Some doubters claimed that it could have possibly been a double exposure, but Mrs. Andrews said there were no children nearby when she took the photograph and, moreover, she did not recognize the child at all – it was no one she would have taken a picture of. She added that it was not the ghost of her daughter as a child.

Investigating this case, Australian paranormal researcher Tony Healy visited the cemetery in the late 1990s. Near Joyce’s grave he found the graves of two infant girls. Could it be that one or both of them venture over to Joyce’s grave in hopes that she will arise to play with them?

 

Photo #4 was taken in 1919, and this picture has always made me smile. The photo wasn’t made public until some time in 1975 by Sir Victor Goddard, a retired R.A.F. officer. The photo is a group portrait of Goddard’s squadron, which had served in World War I at the HMS Daedalus training facility.

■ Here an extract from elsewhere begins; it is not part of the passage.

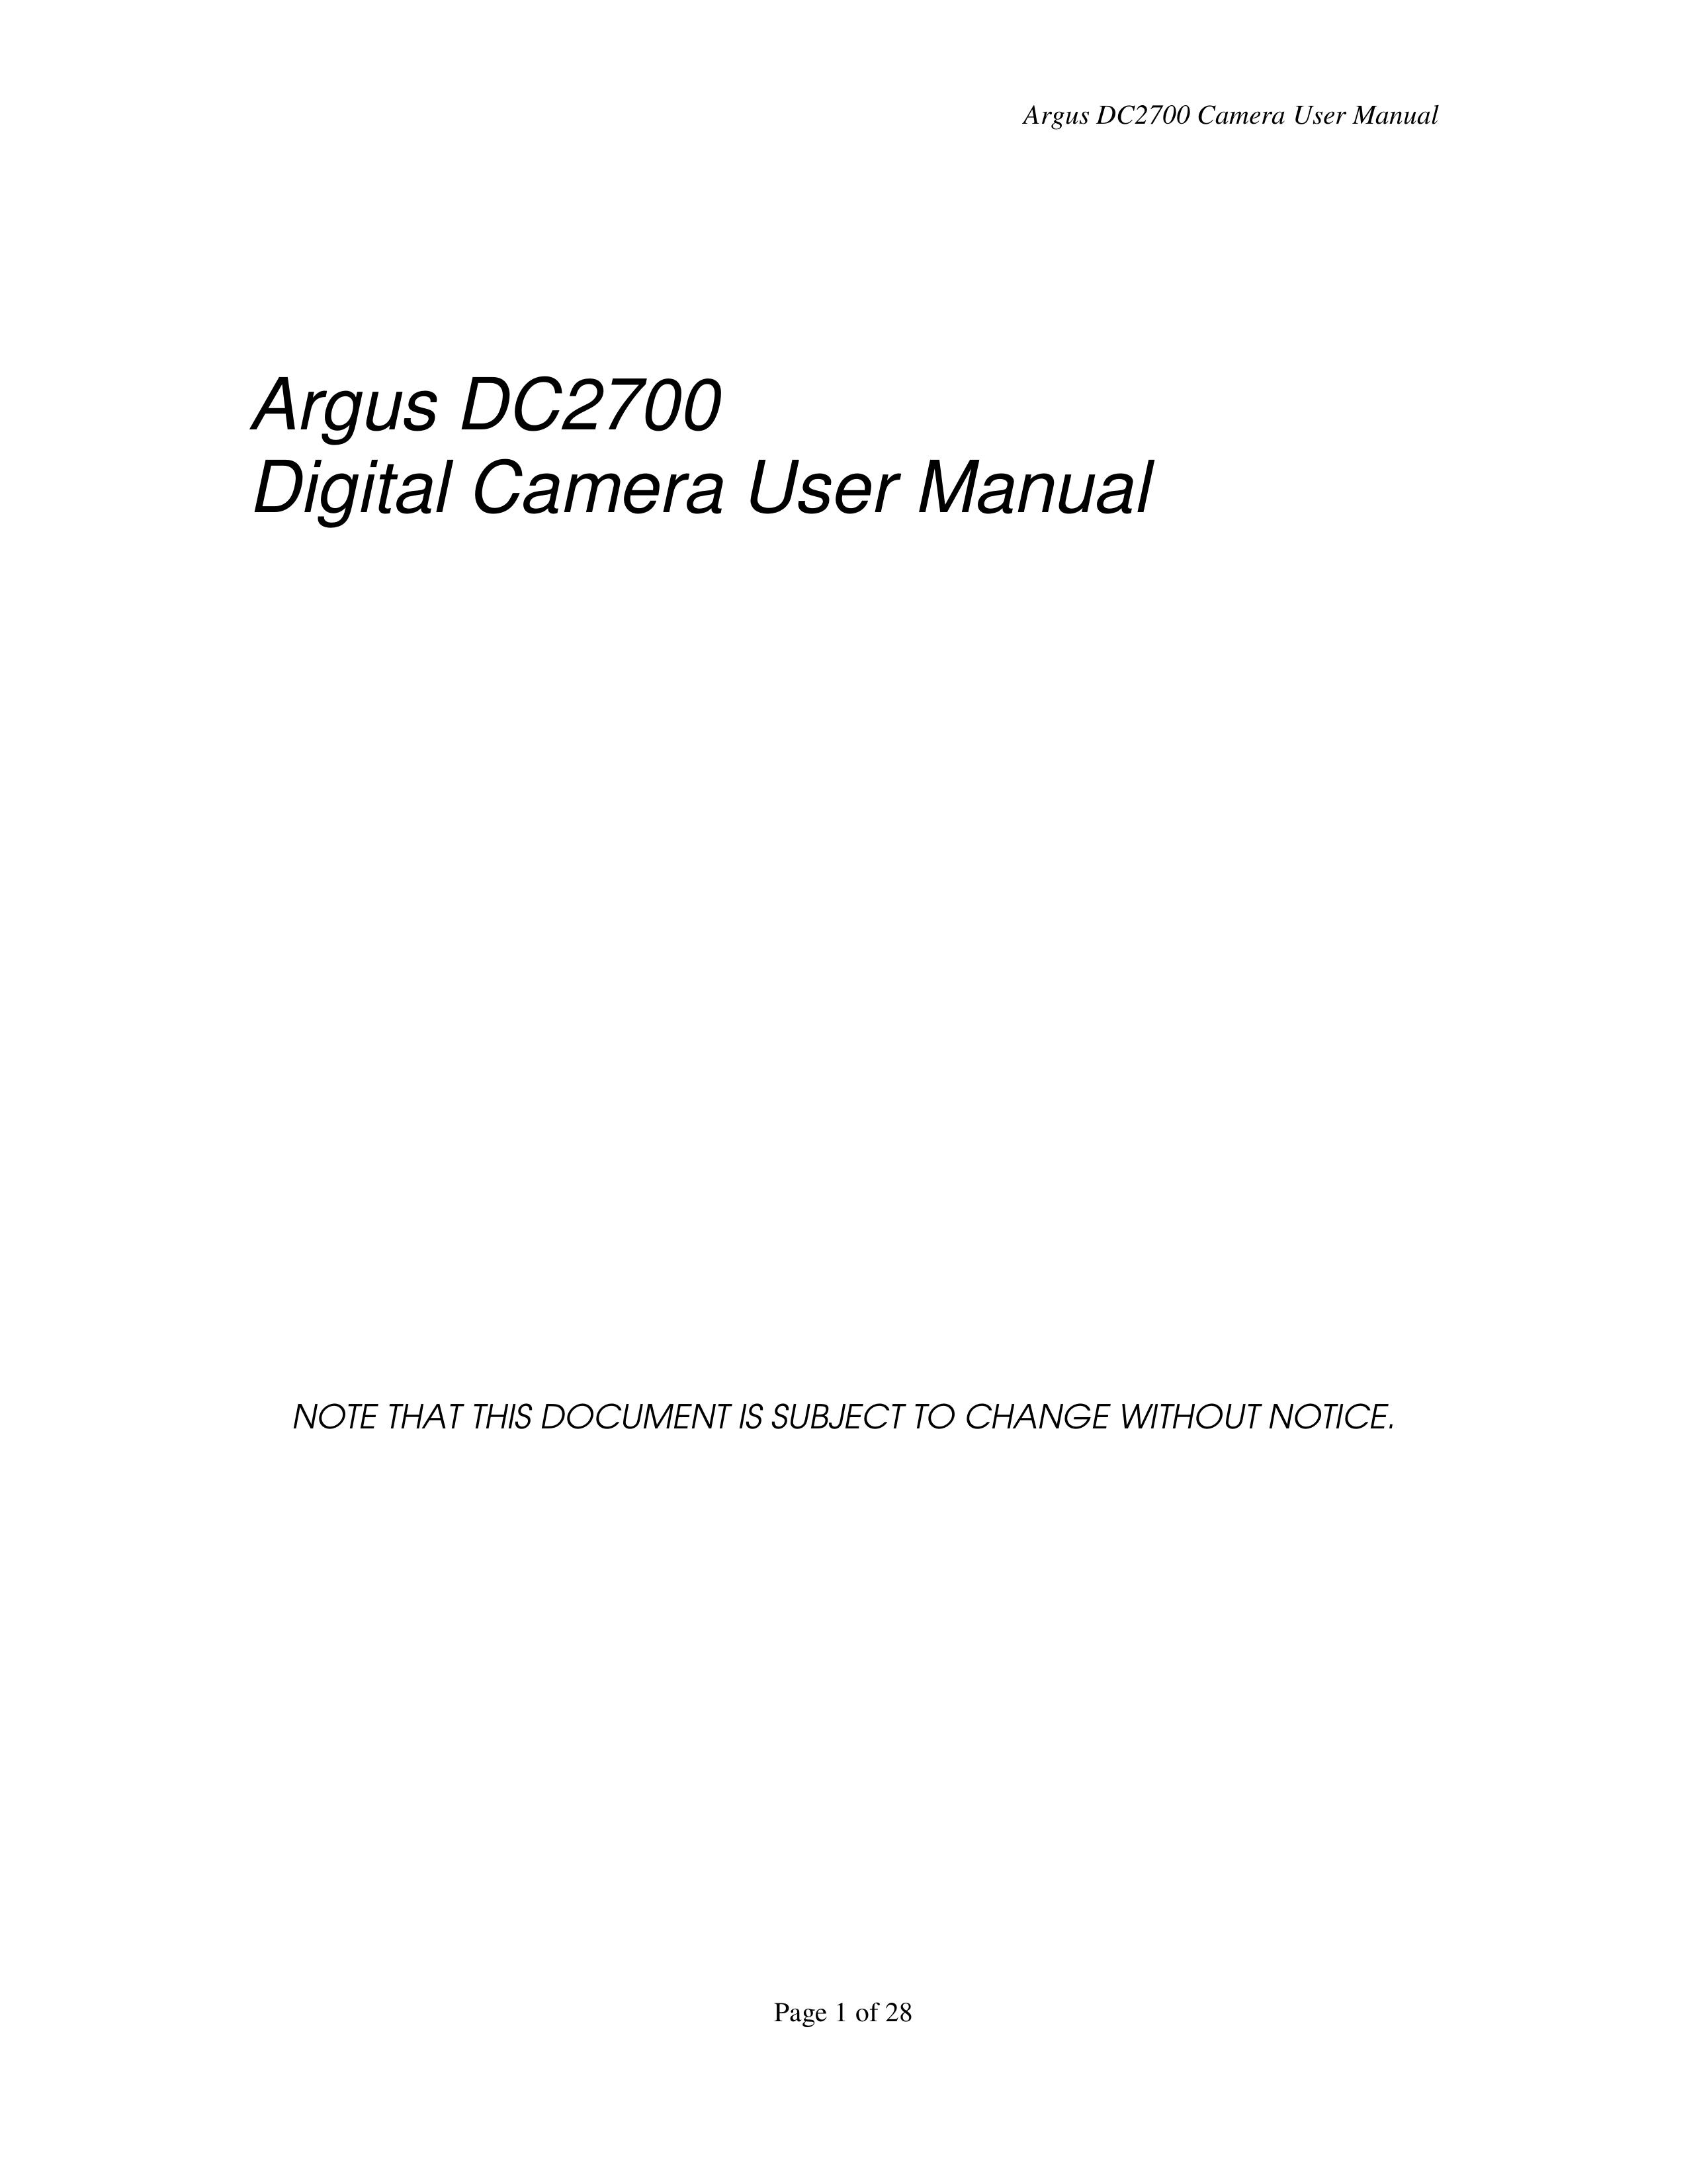 Argus Camera DC2700 Digital Camera User Manual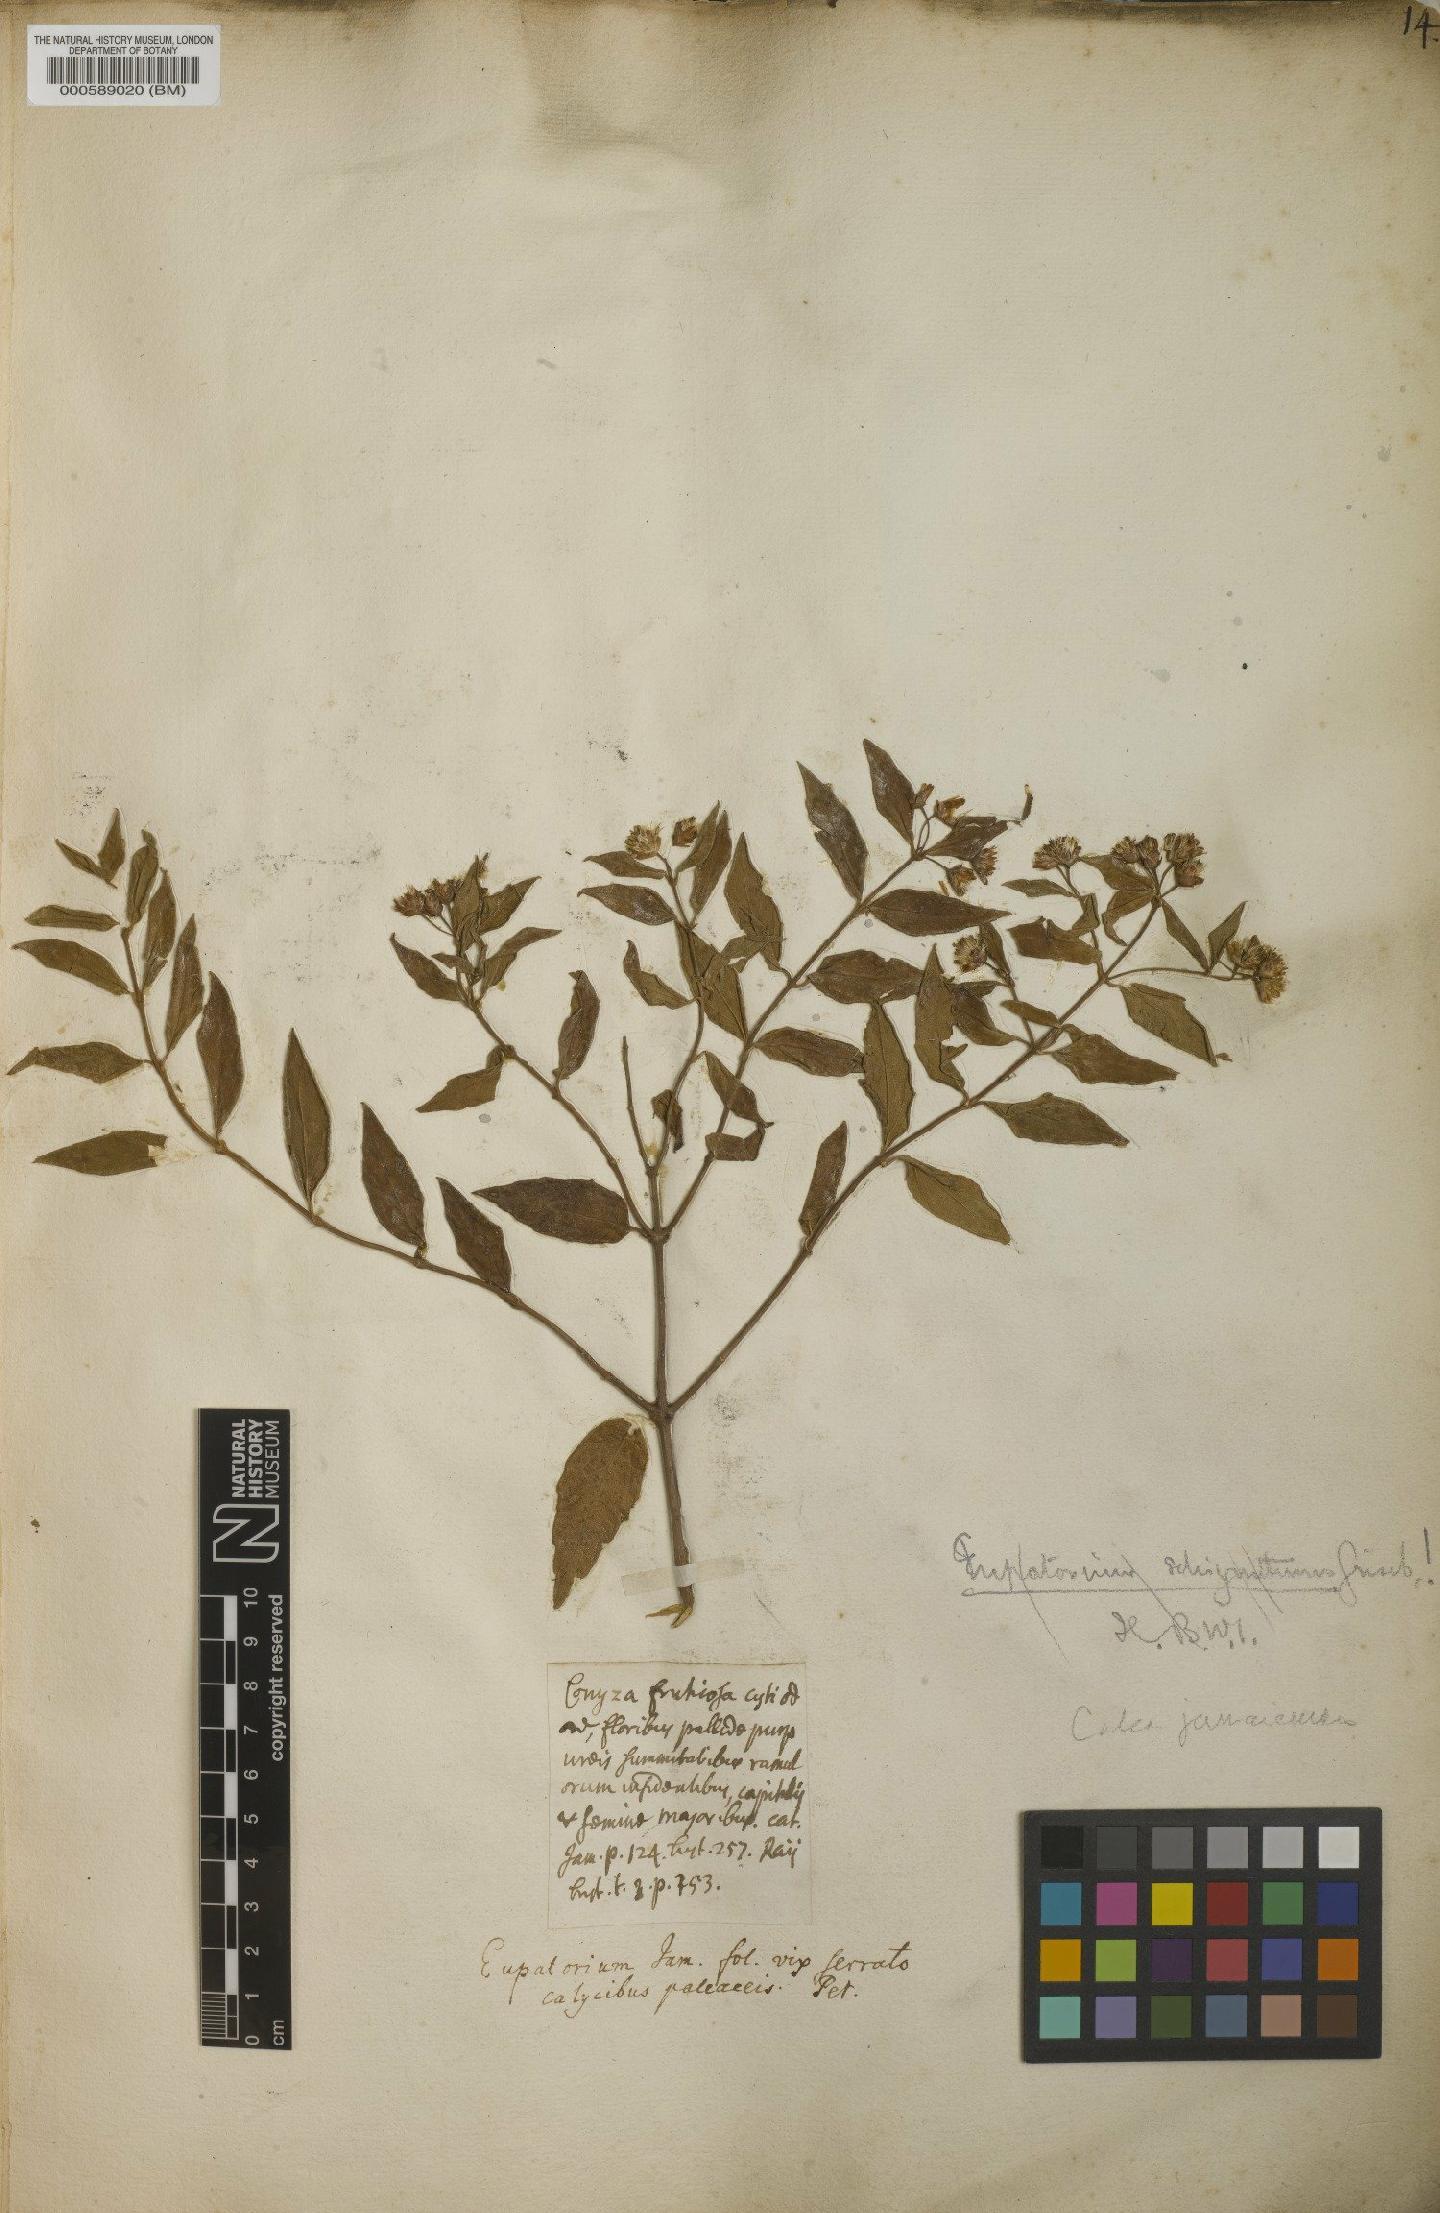 To NHMUK collection (Santolina jamaicensis L.; NHMUK:ecatalogue:4707144)

An extra ghostly face appears in the photo. In back of the airman positioned on the top row, fourth from the left, can clearly be seen the face of another man. It is said to be the face of Freddy Jackson, an air mechanic who had been accidentally killed by an airplane propeller two days earlier. His funeral had taken place on the day this photograph was snapped.

Members of the squadron easily recognized the face as Jackson’s. It has been suggested that Jackson, unaware of his death, decided to show up for the group photo.

Pic #3 is the Corroboree Rock Spirit photo taken in 1959 by another holy man, Reverend R.S. Blance at Corroboree Rock, at Alice Springs, Northern Territory, Australia. This famous photograph appears to show a woman holding her hands toward her face, peering out into the distance. To me it looks like she’s sipping on a cup of coffee and maybe enjoying a morning walk in the front yard of what may have been her last mortal home. And again, with this photo, we have no idea who the woman could possibly be.

 

 

 

Photo #2 is the Lord Combermere Ghost photo from 1891. Taken by Sybell Corbet, the stillframe shows the figure of Lord Combermere seen sitting in a chair in the library in Combermere Abbey, England. His head, collar and right arm on the armrest can be clearly made out.

The second Viscount Lord Combermere died after being struck by one of London’s first electrically powered motor cabs. It said that while Sybell Corbet was taking the famous photograph, Lord Combermere’s funeral was taking place four miles away.

An interesting foot note here: The first Lord Combermere was a British cavalry commander in the early 1800’s, who distinguished himself in several military campaigns. In 1817 he became the Governor of Barbados. While serving as Governor, he is mentioned in unverified stories of the Chase Vault as being a witness to its allegedly “moving coffins”. We talked about this case a while back remember that! That was some crazy shit right there!

And then last but not least, photo #1 is the The Spectre of Newby Church. This photograph was taken in the Church of Christ the Consoler, on the grounds of Newby Hall in North Yorkshire, U K. The picture was taken in 1963 by the Reverend K. F. Lord. The image appears to resemble a human, that many believe to be the spirit of a 16th-century monk, wearing a white shroud over his face, a common remedy for masking leprosy or other disfigurement back in the day.

Initial claims suggested that the figure would have to be somewhere around 9 feet tall, but its feet are not visible and it could easily be standing on a box or something, giving the impression of an impressive height. In looking into the image, photographic experts have concluded that the image is not the result of double exposure, nor has the film been tampered with.